- Church: Catholic Church
- Diocese: Vicar Apostolic of Malacca-Singapore
- Predecessor: Jean-Paul-Hilaire-Michel Courvezy
- Successor: Michel-Esther Le Turdu

Orders
- Consecration: October 19, 1845 by Patrick Joseph Carew

Personal details
- Born: February 18, 1797 Athos-Aspis, France
- Died: March 6, 1871 (aged 74)

= Jean-Baptiste Boucho =

French vicar (1797–1871)

Jean-Baptiste Boucho (February 18, 1797-March 6, 1871) was the Vicar Apostolic of Malacca-Singapore.

==Biography==
Jean-Baptiste Boucho was born in Athos-Aspis, France and in 1824, moved to Malaya where he was ordained as a priest of the La Société des Missions Etrangères dedicated to missionary work. In Penang, he was appointed the Parish Priest of the Church of the Assumption and established the Catholic Free School for boys.

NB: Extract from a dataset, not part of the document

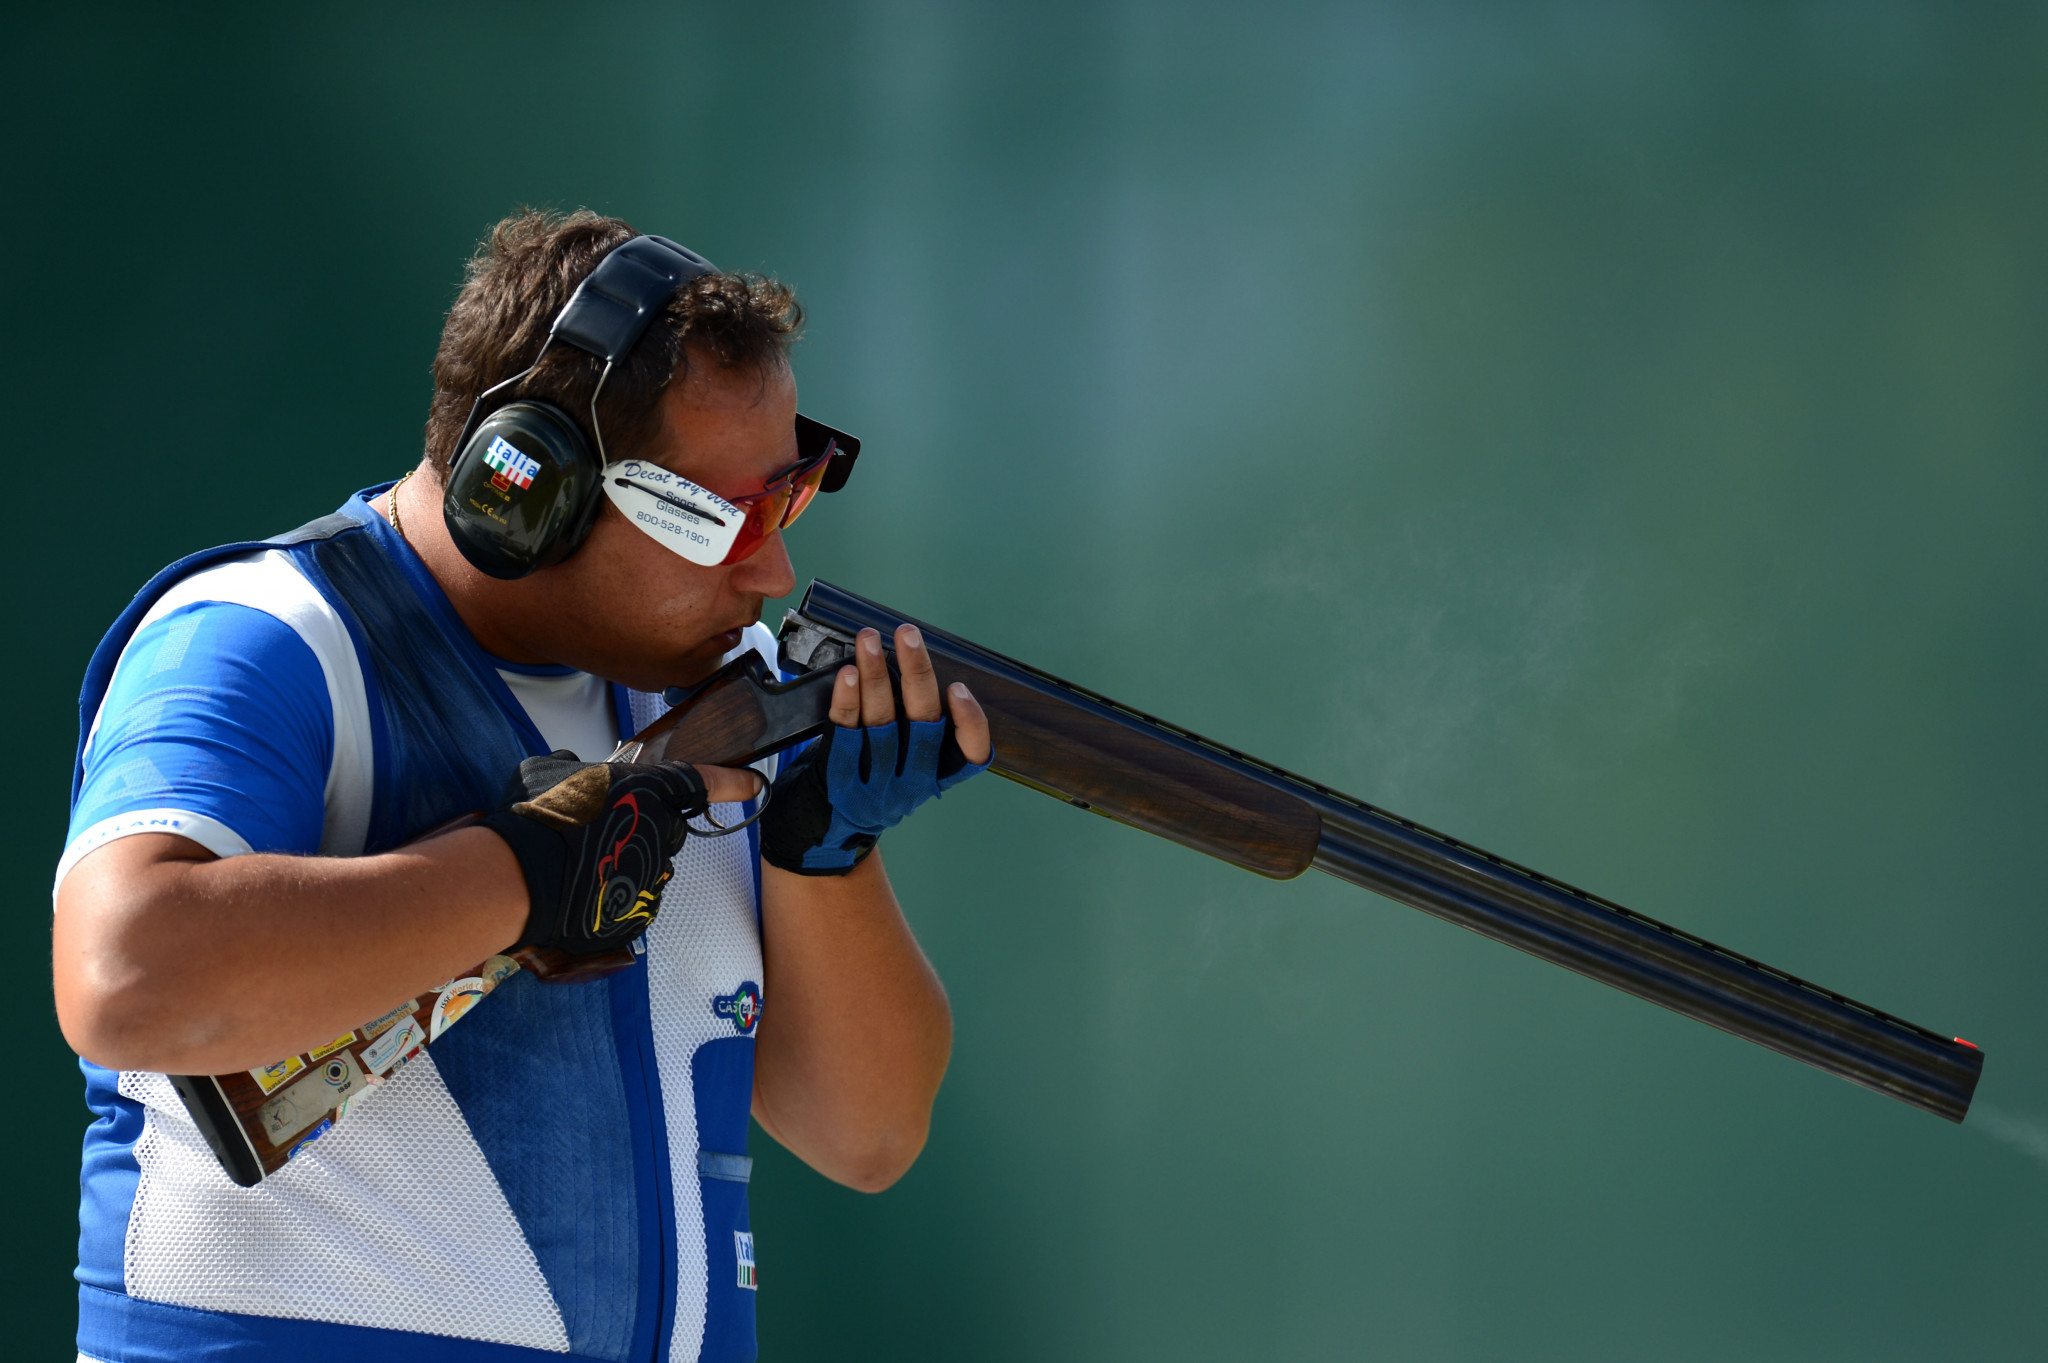 Olympic silver medallist Massimo Fabbrizi of Italy also scored 75 points on the first day of men's trap qualifying at the ISSF Grand Prix ©Getty Images

On June 10, 1845, Pope Gregory XVI appointed him Vicar Apostolic of Malacca-Singapore and Titular Bishop of Attalea in Pamphylia. On October 19, 1845, he was consecrated bishop by Archbishop Patrick Joseph Carew, Vicar Apostolic of Bengal. Bishop Marc-Thomas Oliffe, Coadjutor Vicar Apostolic of Bengal, served as Co-Consecrator.